Mine Çetinkaya-Rundel
You know, when I decided to go to graduate school for statistics, I was not necessarily sure what I was going to do next with it. And thankfully, for me, we had a TA requirement as part of my graduate program. And I realized that I really, really enjoy the teaching aspect I had done, you know, bits and pieces of teaching at tutoring and undergraduate and enjoyed it. But I didn't really I hadn't really thought about it as a profession for myself until I got a chance to do it as a graduate TA, and really enjoyed it and realize, hey, this might be a path forward. And I was lucky enough to be at UCLA where Rob Gould is whose focus is sort of Statistics Education, and I realized this could be a pathway for me, and sort of it was, you know, a happenstance and something I enjoy, and thinking about how can I turn this into my actual job,

John Bailer That's always great to be able to turn something into this interest that this skill, so make to be very successful at this work.
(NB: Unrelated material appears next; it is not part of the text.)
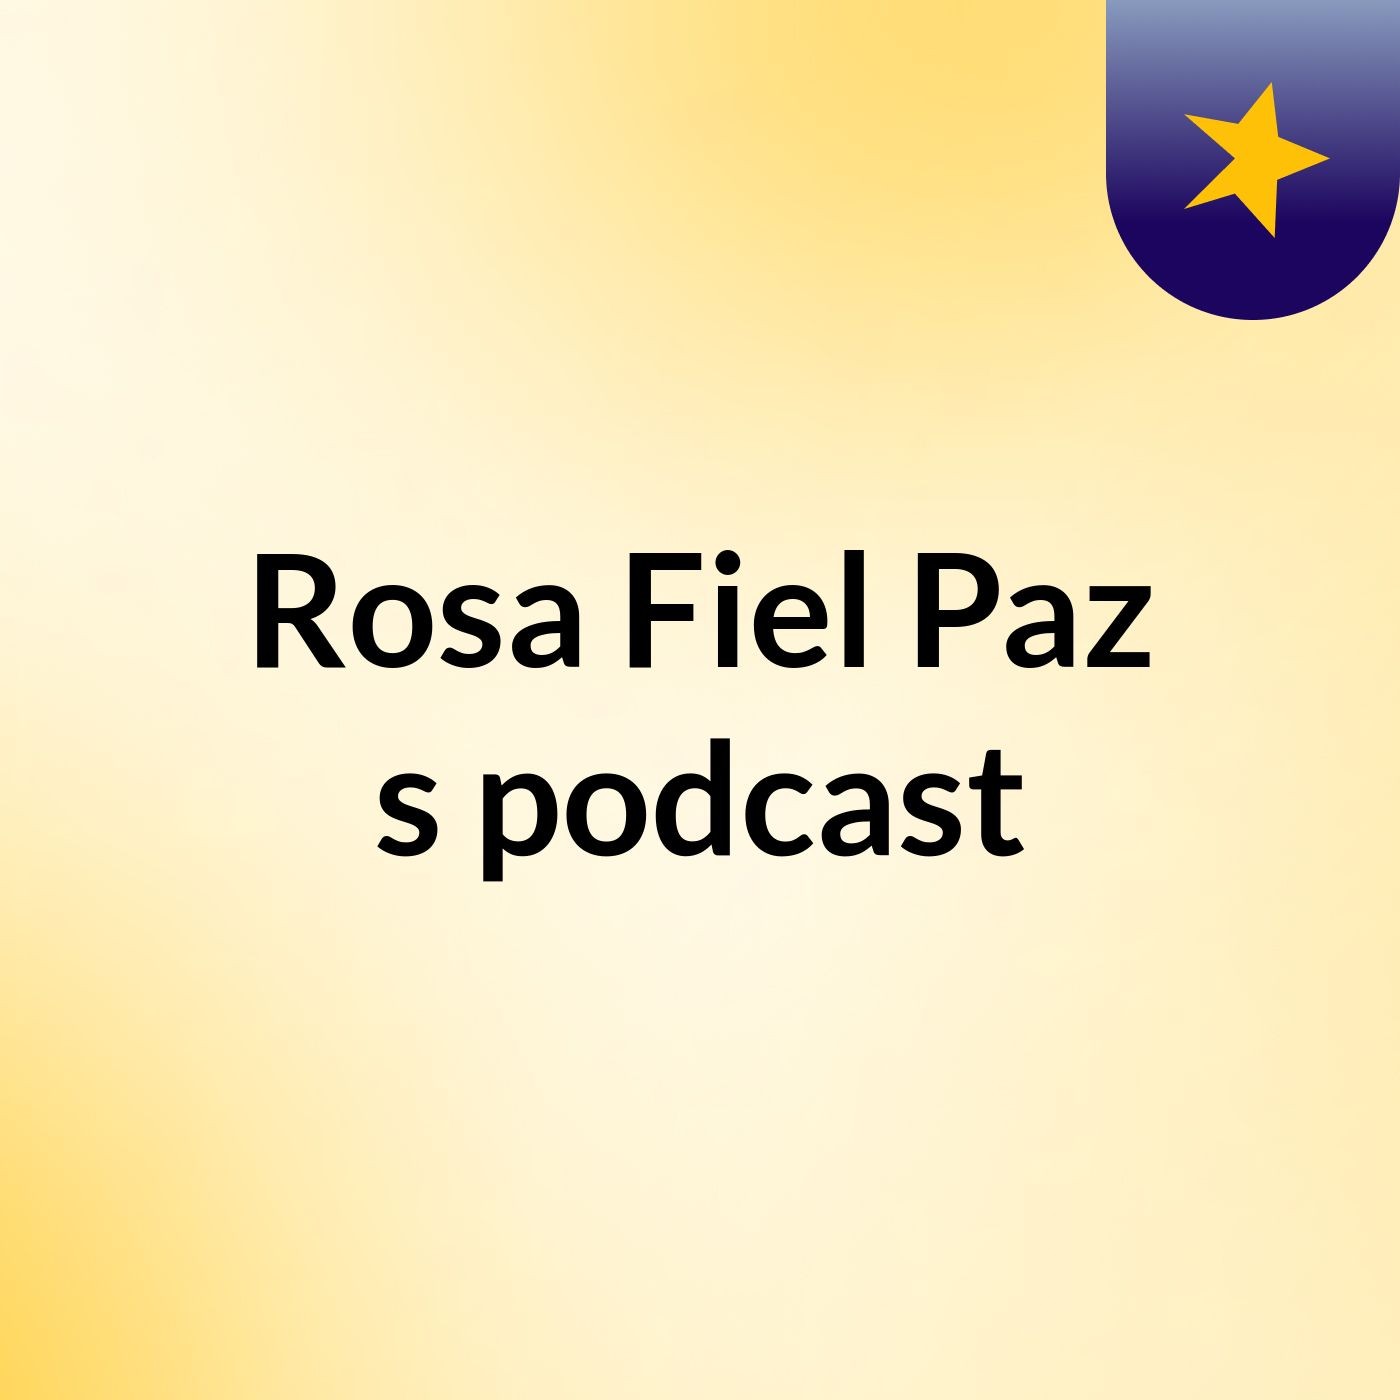 Rosa Fiel Paz's podcast

You know, one of the things that I've, I've really enjoyed, I mean, I look back on decades of, of being an instructor where I'm teaching statistical ideas, and I kind of cringe at the way, some of the aspects of the course, you know, decades ago, but you know, in some sense, it was constrained by technology, it was constrained by the systems in which we work. I found it really interesting that I've gotten to witness things like even the AASA section on statistical education changed its name. And I think you were at the helm, when that change was made. So can you talk a little bit about about why that was something that was important to do?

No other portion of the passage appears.